Have you seen the new movie with the Dachshund?
Apparently it’s an Oscar Weiner.
I asked my dog why he was having a bad day.
But all he said was “ruff”.
What do you call a veterinarian that specializes in canines?
A dogtor.
What breed of dog always gets cold?
A Bichon Freeze.
What do a dog and a cell phone have in common?
They both have collar ID.
What does a dog get when she finishes obedience school?
Her pet-degree.
What does a dog love to eat while watching a movie?
Pupcorn.
Why did the dog walk in to the saloon?
He was looking for the man who shot his paw
Why was the dog chasing his own tail?
Because he was trying to make both ends meet.
Why did the Dalmatian have to go to the eye doctor?
He kept seeing spots.
That dog is so beautiful. She should be on the cover of Vanity Fur.
My dog got a promotion.
She’s now a branch manager.
How do you keep a dog from smelling?
You hold its nose.
Why did the dog cross the road twice?
He was trying to fetch a boomerang
What happens when you buy a dog from the blacksmith?
When he gets home he’ll make a bolt for the door.
Dog to Waiter: Are there any bones in this?
Waiter to Dog: Yes sir, why’s that?
Dog to Waiter: Because I really dig them!
What type of dog can use a phone?
A dial-matian.
What do you call a dog that’s been left outside in the cold?
A chili dog.
What makes more noise than a dog barking outside your window?
Two dogs barking outside your window.
Why was the dog such a good storyteller?
Because he knew how to paws for dramatic effect.
What kind of dog sniffs out flowers?
A bud hound.
My dog has expensive taste in shoes.
So I got her some Jimmy Chews.
Why did the snowman name his dog ‘Frost’?
Because ‘Frost’ bites.
The hotel said NO DOGS ALLOWED.
I guess it was a little too paw-sh.
What did the puppy say to his mum?
I woof you.
What is a dog’s ideal job?
A barkeologist.
What happened when the dog ate a firefly?
He smiled with de-light
What do dogs and Santa have in common?
They are both seen Dachshund through the snow.

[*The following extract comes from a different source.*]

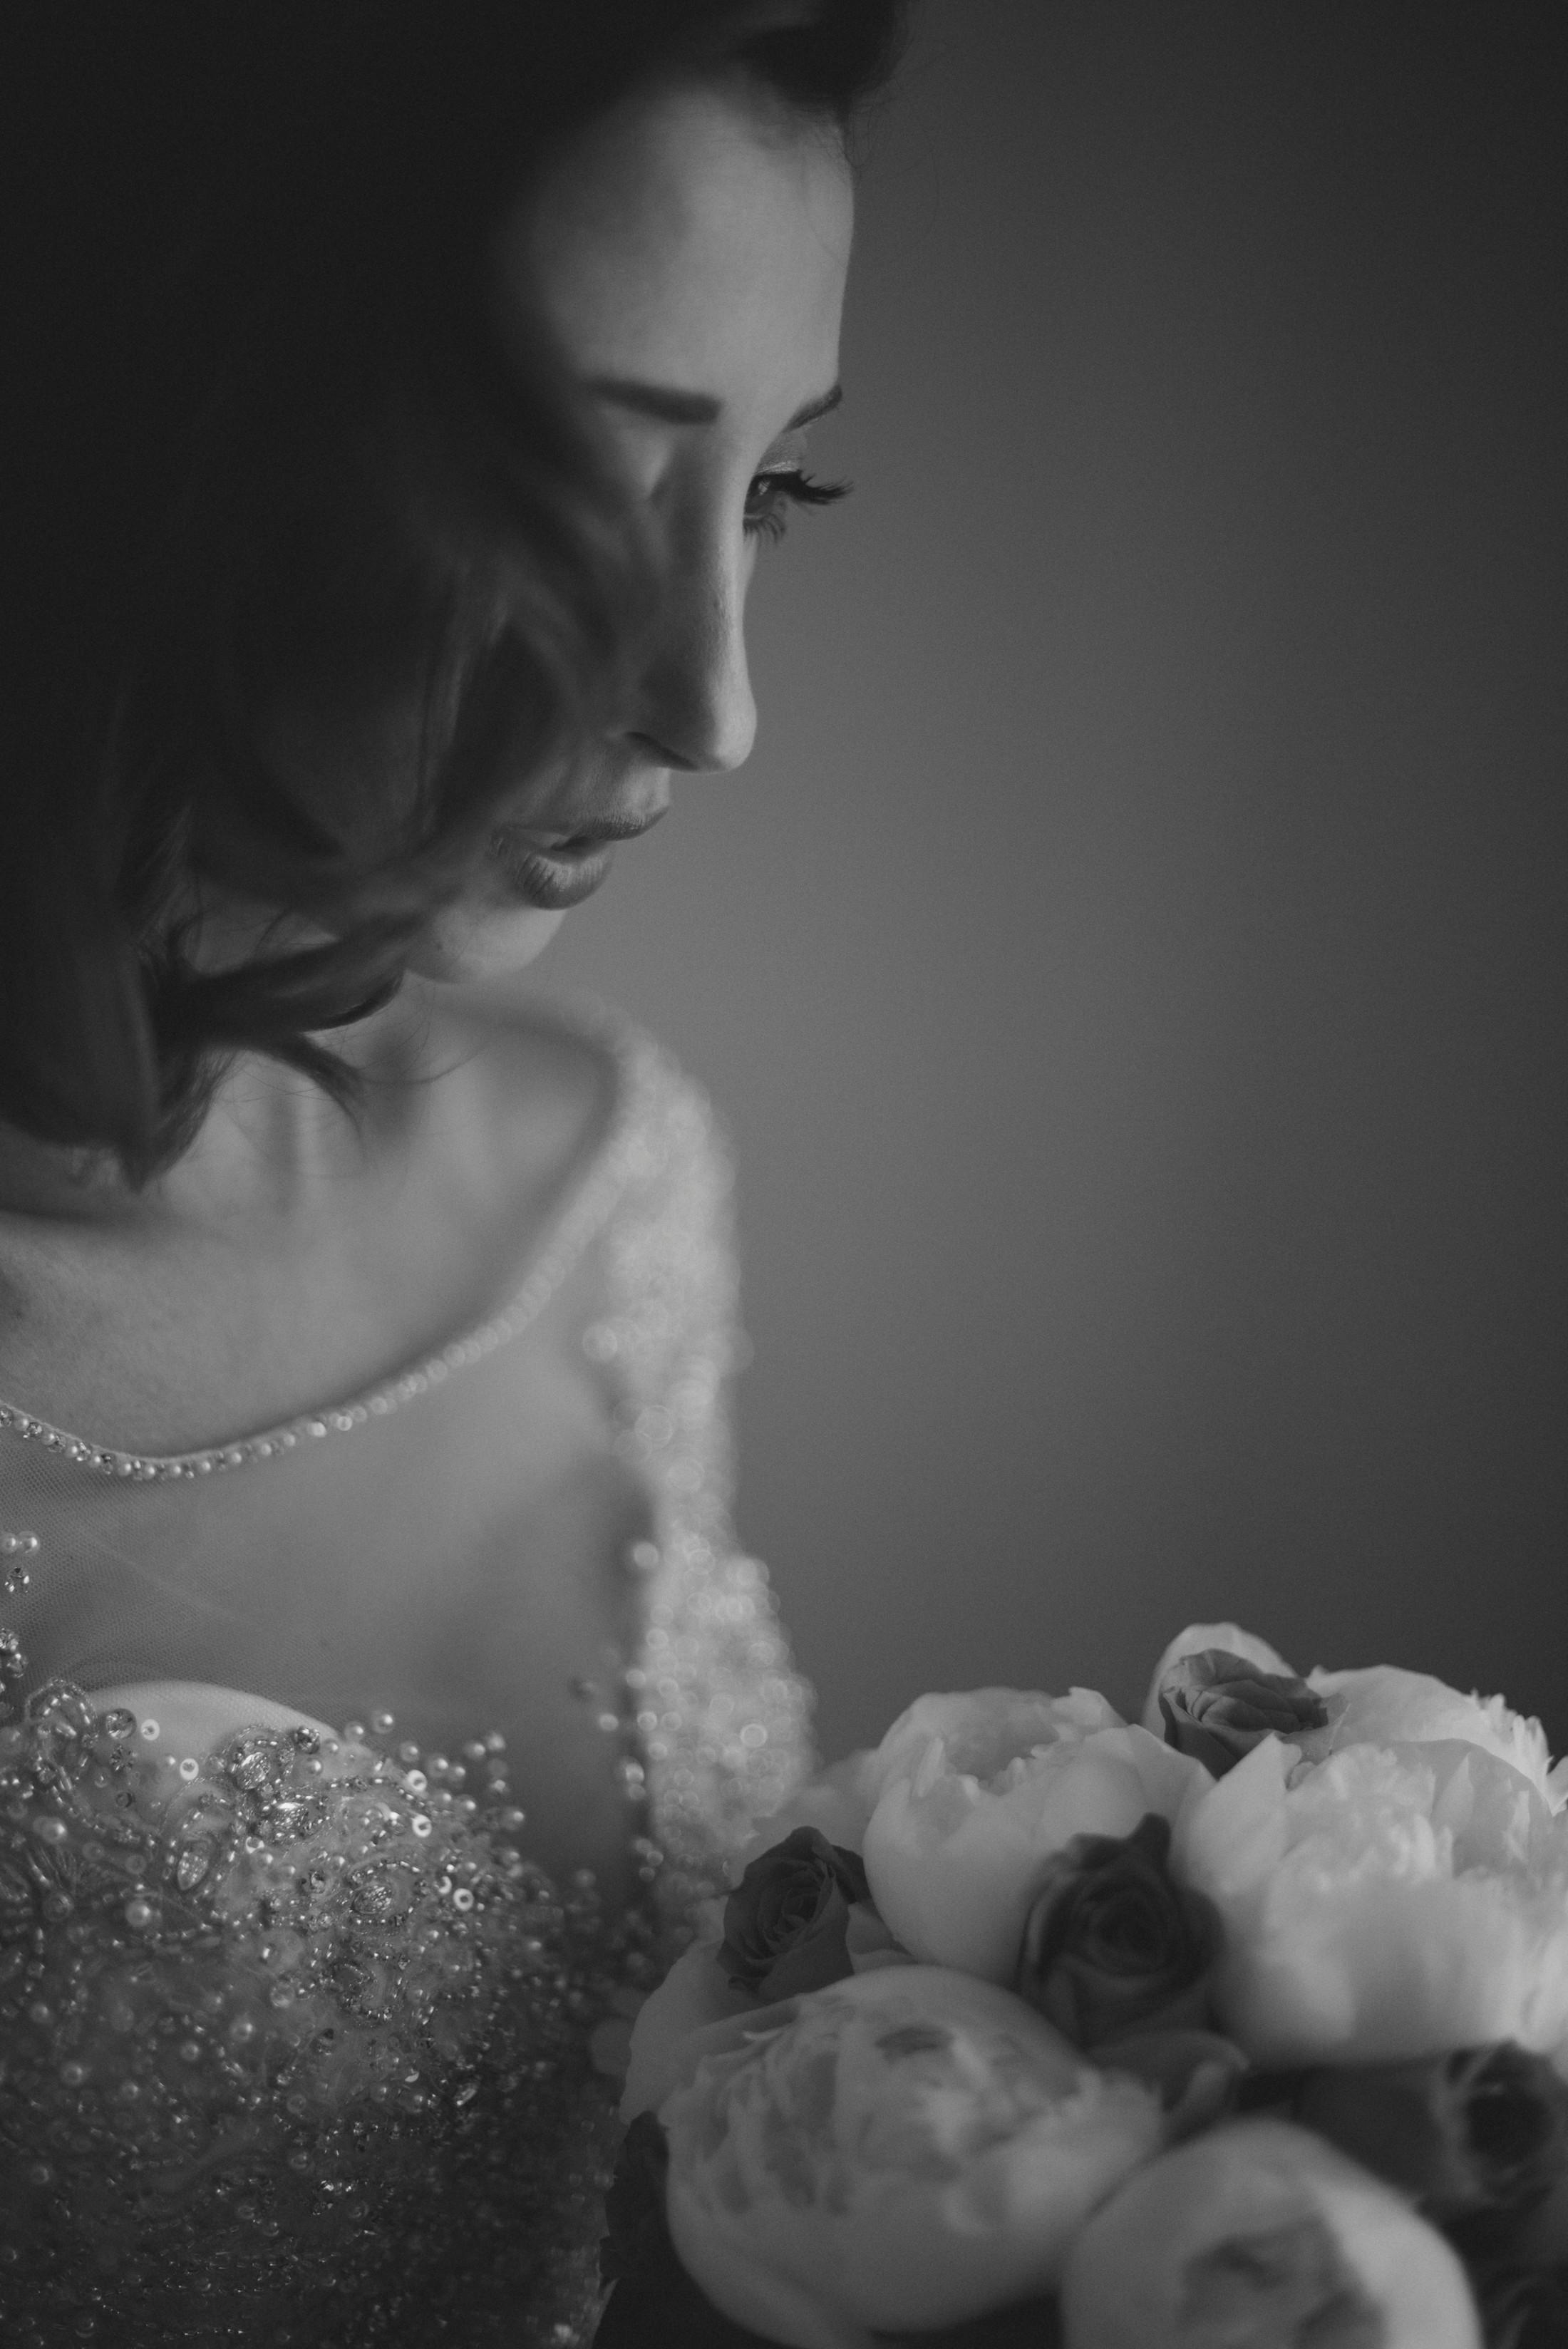 adriana alfano bride's portrait in black and white

Why was the skeleton afraid of the dog?
Because dogs love bones.
What type of dog doesn’t bark?
A hush puppy.
What is an Italian’s favorite type of dog?
A ciao ciao.
What happened to the dog who ate too much garlic?
Its bark was worse than its bite.
What do you call a sad pup?
A mellon collie
How do you stop your dog from barking in your front yard?
Put him in your backyard.
What do dogs have that no other animal has?
Puppies.
Why aren’t dogs good dancers?
Because they have two left feet.
I love walking my neighbor’s dog. It’s the leashed I can do.
What happens when you cross an Australian dog and a Beatle?
Dingo Starr.
Why did the dog fail his driving test?
Because he couldn’t parallel bark.
What is the poshest breed of dog?
A Cavalier King Charles Spaniel.
When is a black dog not a black dog?
When it’s a Greyhound.
What did the clean dog say to the dirty dog?
Long time no flea.
How does a Spanish dog say Merry Christmas?
Feliz navi-dog.
Why don’t dogs bark at their feet?
It isn’t polite to talk back to your paw.
I recently got two German Shepherds. Because
I wanted some paw-dy guards.
When is the best time to paint a dog?
When they're asleep.
My dog won’t get off the PlayStation He’s been playing Fi-fur all day.
Where did the dog leave her car?
In the barking lot.
My dog never stands up for himself.
He just rolls over.
Why couldn’t the dog fit in his clothes?